His shoulders shifted as he adjusted his bearing. “I never wanted there to be any one, Paige. It’s...” He searched for words. “Dad’s been crushed by Mom so many times. I don’t want to be vulnerable like that.”
“You resent feeling this way.”
“I did.”
“Do.”
“I’m getting used to it.”
She swallowed. Watched the apology that angled through his brow, flickered in the corners of his mouth.
“I don’t want to feel this way either.” She watched him flinch. “Look how I act for people I care about.” She looked away. The collar of his jacket, still draped across her shoulders, brushed her cheek. She shrugged so it would caress her again. “People use me up and I let them.”
“I haven’t been using you, Paige. Don’t make it sound like that.”
“No, but...” It was all she could do not to turn into his body and let him cradle her. “Yesterday, after...” She rolled her wrist, referring to their talk with his mother. “I was serious about dropping everything and going back to Seattle and I was so relieved.” Tears came to her eyes again. “Everyone here expects me to bend over backwards for them, but they don’t appreciate what it costs me. It’s not their fault. I’ve always done it. Even you called me an enabler and you’re right.”
“I can’t leave the factory and go to Seattle with you. I would. But I can’t.”
“I wouldn’t think much of you if you did.” She met his gaze, heart shivering in her chest. “I don’t like the way you did it, but your taking control will be good for the factory. And the town. You’re doing good work.”
“So are you.”
“Don’t. You’re not allowed to guilt me into working there.”
“It’s not guilt. It’s a fact. And I think you should finish the audit. Because if you insist on paying back my mother, I’m going to insist my parents honor the original agreement and buy Grady’s share at fair market value.”
He wanted her to do exactly what she’d wanted in the first place: to look after her family. She let out a scoffing noise of disbelief, shaking her head. “That’s cruel.”
“Are you really prepared to walk away from that? From this?” He pointed between them. “Go ba
ck to Seattle and give me a wave in the grocery store when you happen to be in town? Not even give us a chance?”
She looked at her broken nails, hands scuffed by their rough night. “Maybe we could just see how it goes until I finish the audit?”
He made a noise like she’d punched him in the gut. “I suppose that’s karma. I never agreed to come here without having a reason to leave already in place. I’d rather you were all in, giving this a real try.”

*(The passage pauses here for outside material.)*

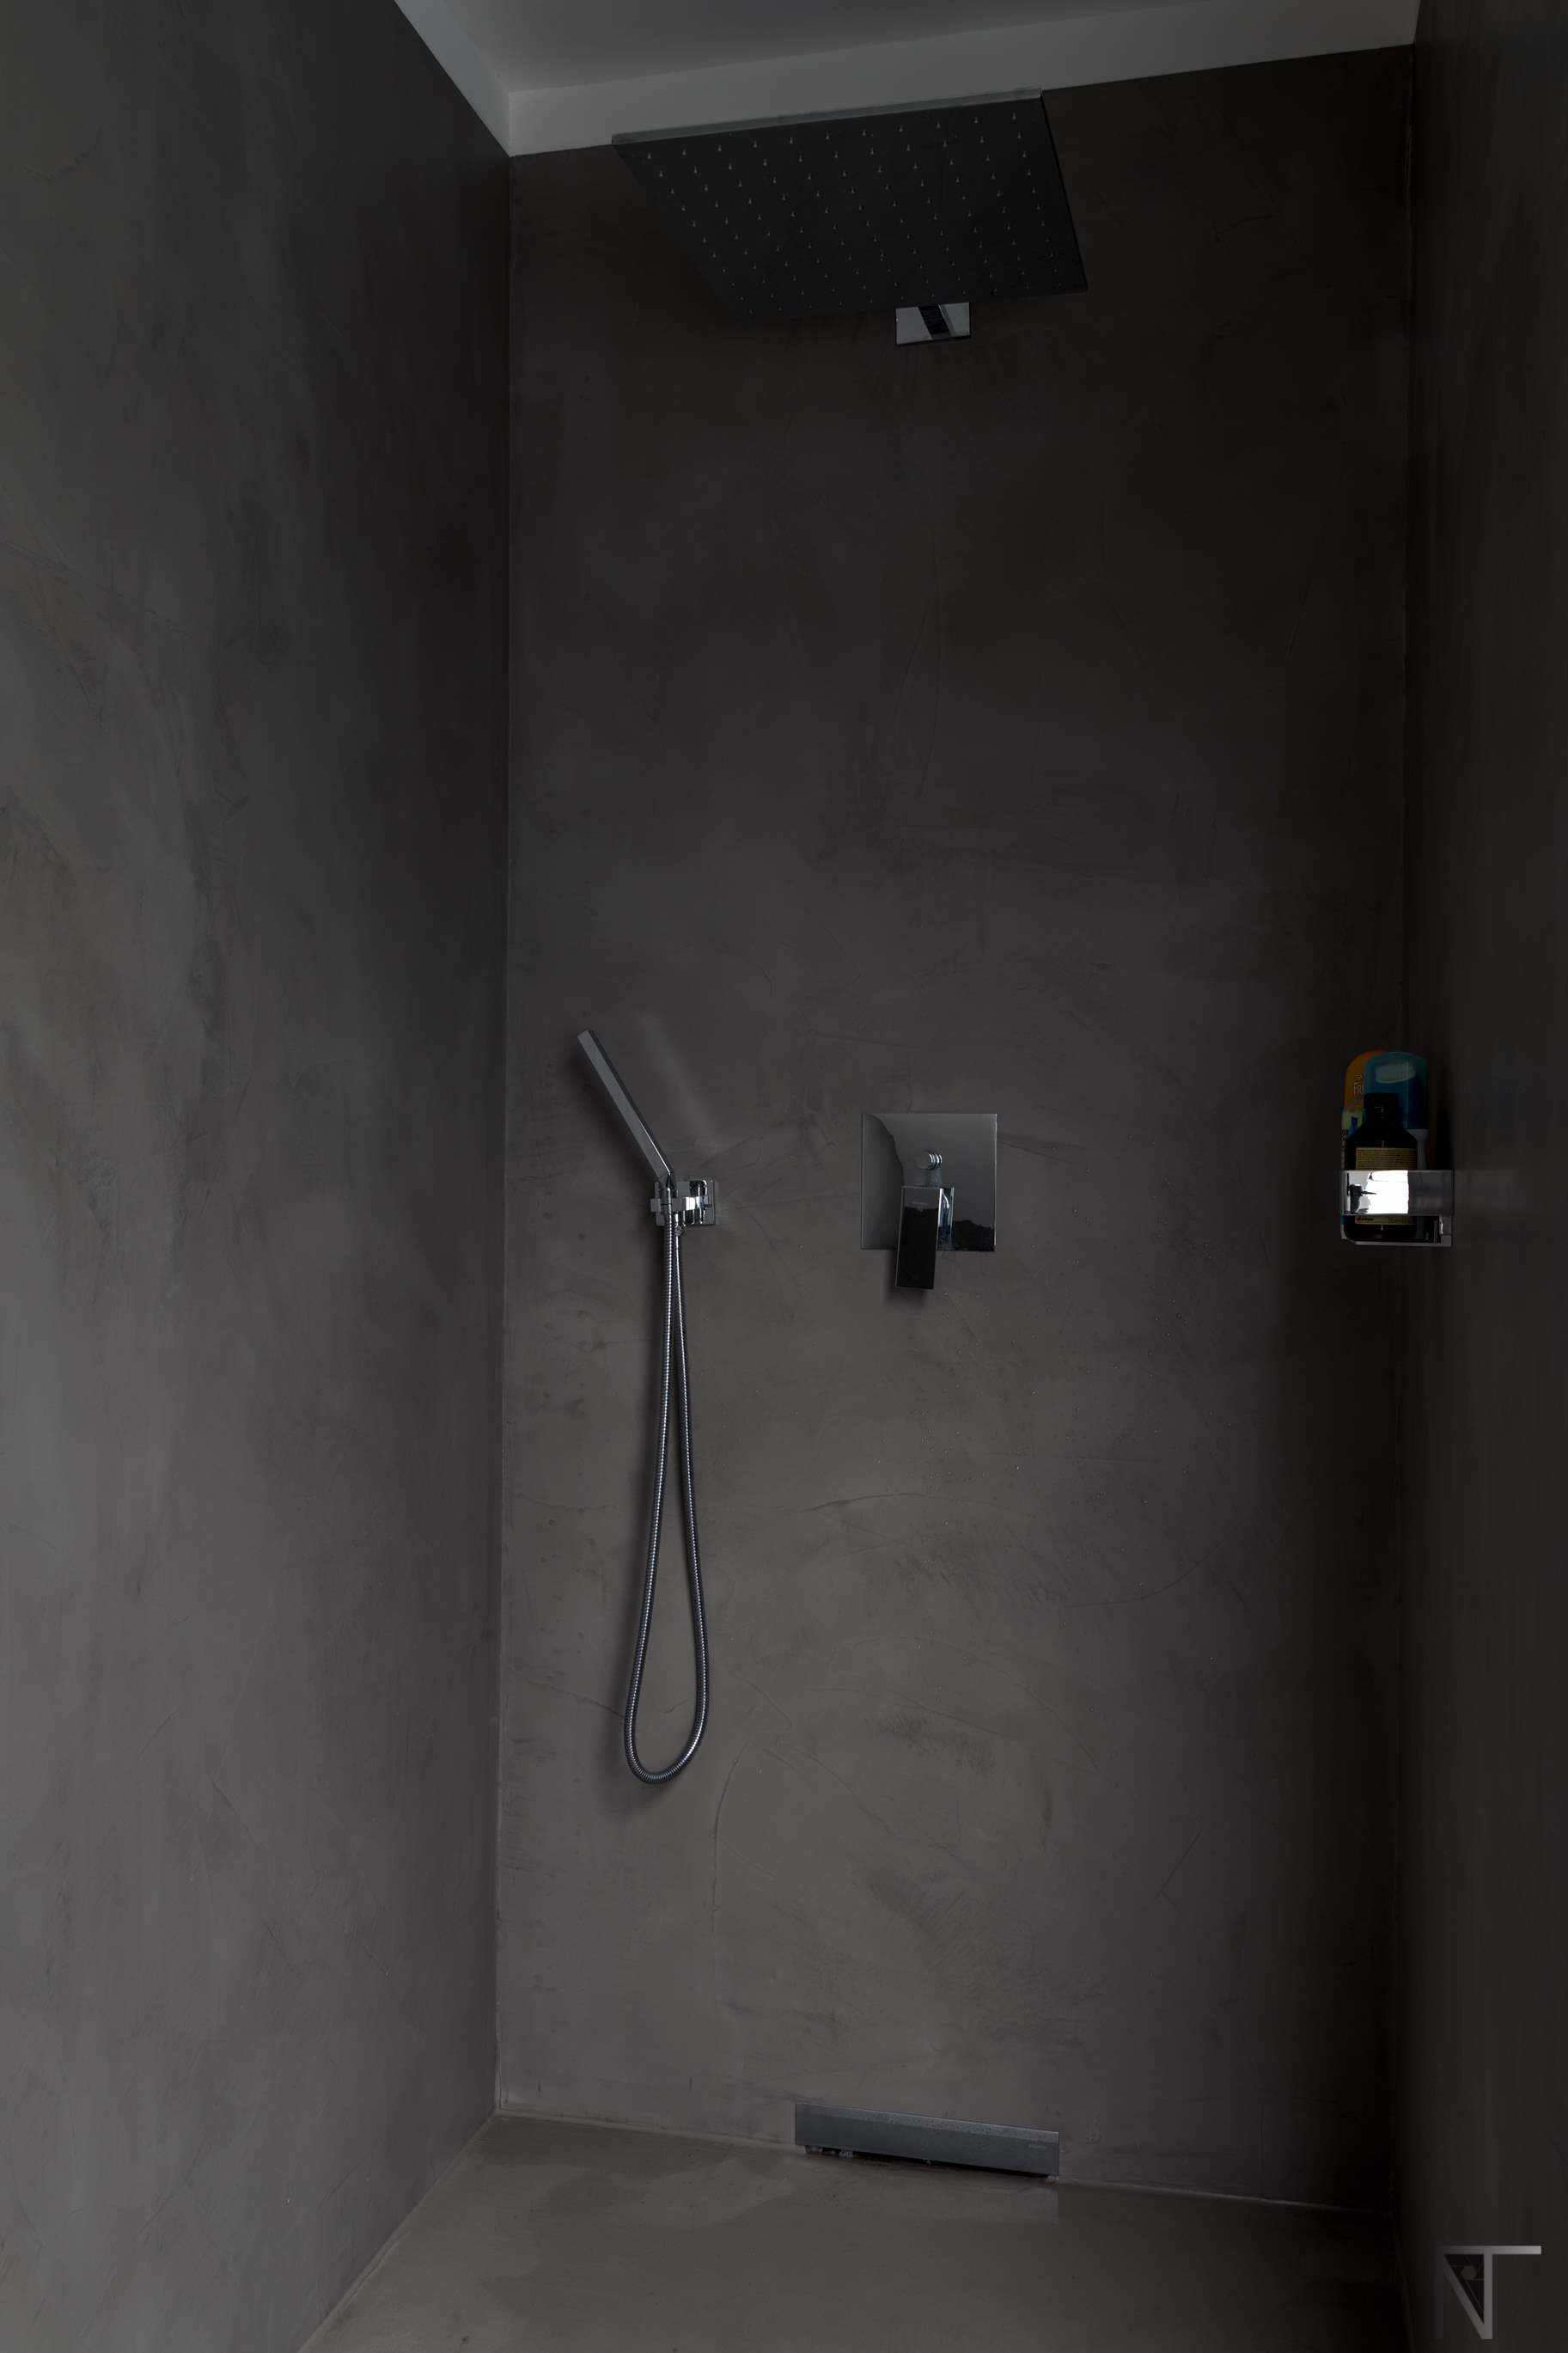 Salle de bain carrelée rénovée avec microciment dans la douche

“Move my whole life here? My risk tolerance isn’t that high. What if it doesn’t work out?”
“Come on,” he said with a hint of lightness. “What’s left to fight about?”
She choked on a laugh. “We’re pretty creative. I’m sure we’ll find something.”
“Flirt.” He reached out and she let him draw her in, insides quaking then settling. His hand smoothed her hair as he pressed his lips to the side of her head. “I’m not used to anyone doubting me, Paige. It bothers me that you think I’m going to let you down. That I have,” he added in an undertone. “You have to give me a chance to show you I can do better.”
He didn’t understand that she was a Fogarty, and therefore didn’t have a right to expect the same respect and gold standard loyalty that others were entitled to.
His mouth searched for hers, but into the quiet they heard the crunch of tires on gravel over at her father’s place, loud because her father’s house wasn’t there to absorb the noise and the plastic sheet over Sterling’s kitchen window didn’t block it.
They both moved to the window in the back door so they could see properly.
Two men were climbing from a cube van that read Fildew’s Sleep Center. One consulted the clipboard he was carrying. The other scratched his head.
“You’ve gotta be kidding me. I left a message last night, canceling my order.”
“That explains the special delivery on a Sunday,” Sterling drawled. “They didn’t want to lose the sale. But that’s handy. We need a mattress for your brother.”
Chapter Thirty-Two
Sterling sighed with impatience as they were invaded. His parents arrived just after Paige’s mother, while the deliverymen were still propping the mattress and box spring on its side in the hall.